Paul and Ann did not like each other particularly: nor did they dislike each other. But as the British contribution to the crew of the Gloria Mundi they accepted their pairing with good grace. Paul, a trained space-hand, possessed the skills of psychiatry and teaching and was also fluent in French and German. Ann’s dowry was medicine and surgery, a working knowledge of Swedish and Italian and enough Dutch to make conversation under pressure.
After the ceremony they took a taxi to Victoria, a hover train to Gatwick, a strato-rocket to Woomera and then a ferry capsule to the ninety-minute orbit.
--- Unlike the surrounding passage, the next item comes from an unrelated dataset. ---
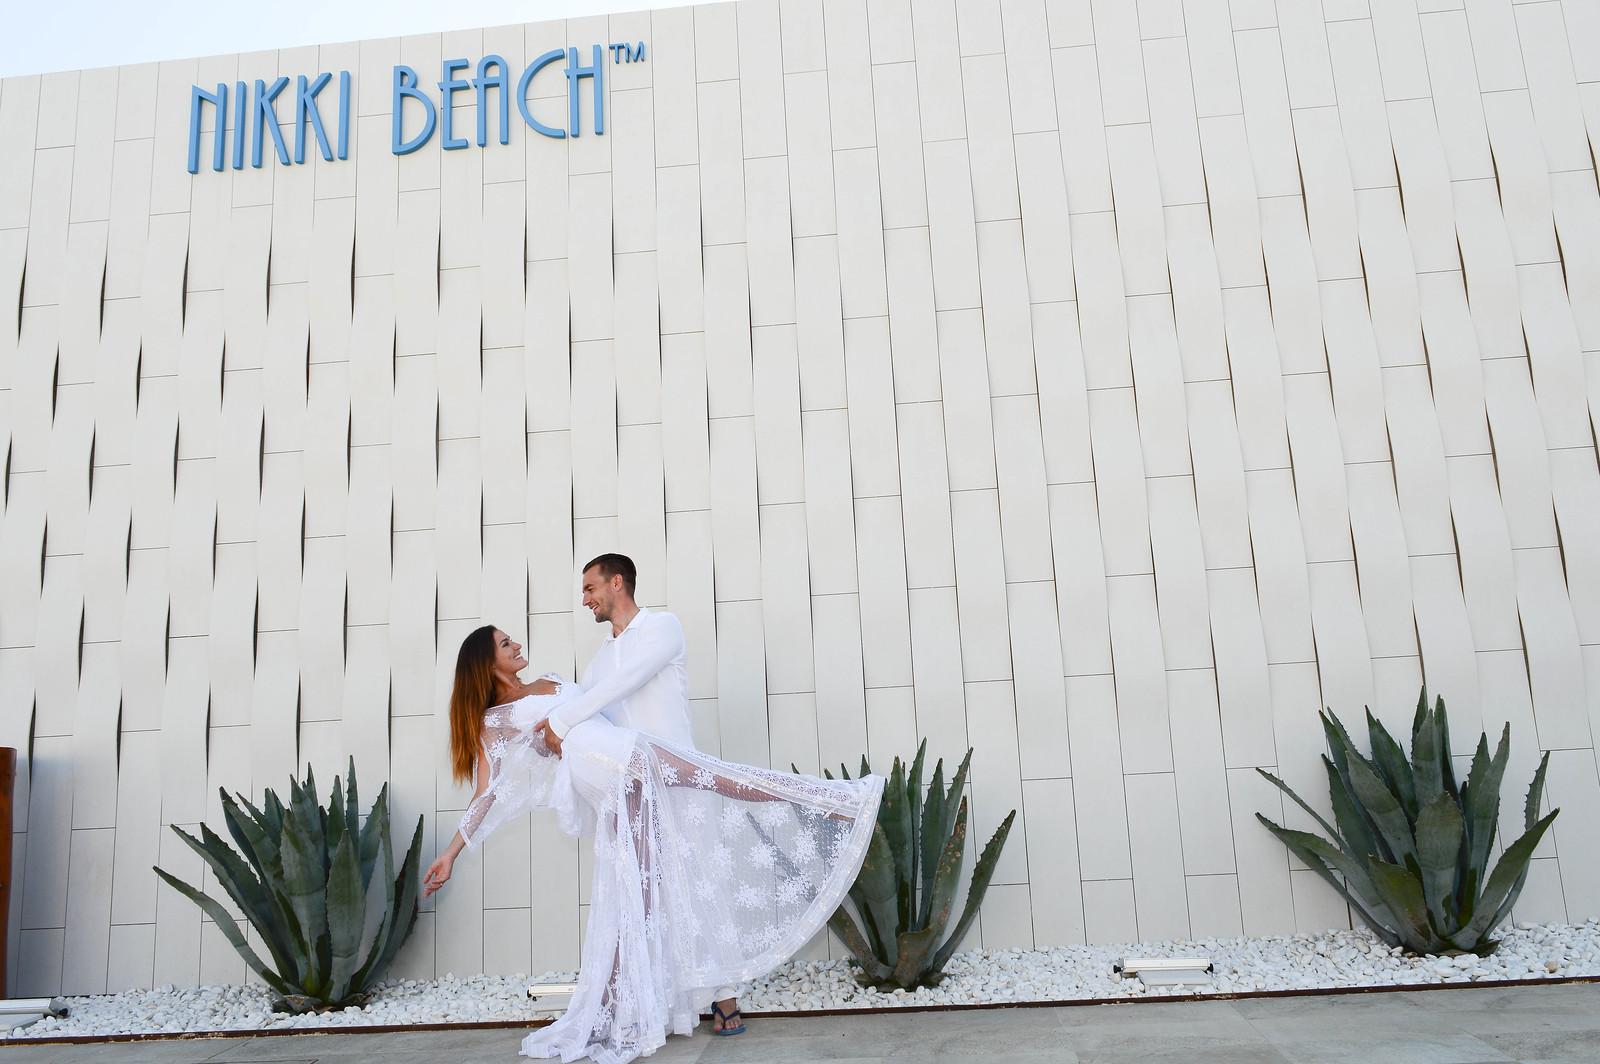 https://www.white-ibiza.com/wp-content/uploads/2020/07/white-ibiza-wedding-venue-nikki-beach-ibiza-2020-03.jpg

They spent their honeymoon working through the pre-jump routines aboard the Gloria Mundi.
Despite many differences in size, design and accommodation, the American, Russian and European space ships all had one thing in common. They all contained sleeper units for the crews. None of the ships could travel faster than light—though the Russians claimed that given theoretically ideal conditions Red October could just pass the barrier—so their occupants were doomed to many years of star travel; during which it was a statistical certainty that some would die, go mad, mutiny or find even more ingenious ways of becoming useless. Unless they had sleeper units.
Suspended animation had been developed years before in the closing decades of the twentieth century. At first it had been used in a very limited way for heart transplants. Then someone had discovered that the simple process of freezing a neurotic for a period of days or weeks, depending on the degree of neurosis, could produce an almost complete cure! Then someone else hit upon the idea of using suspended animation for the insane, the incurable or the dying. Such people, it was argued, could be frozen for decades if necessary until an answer was found for their particular malady.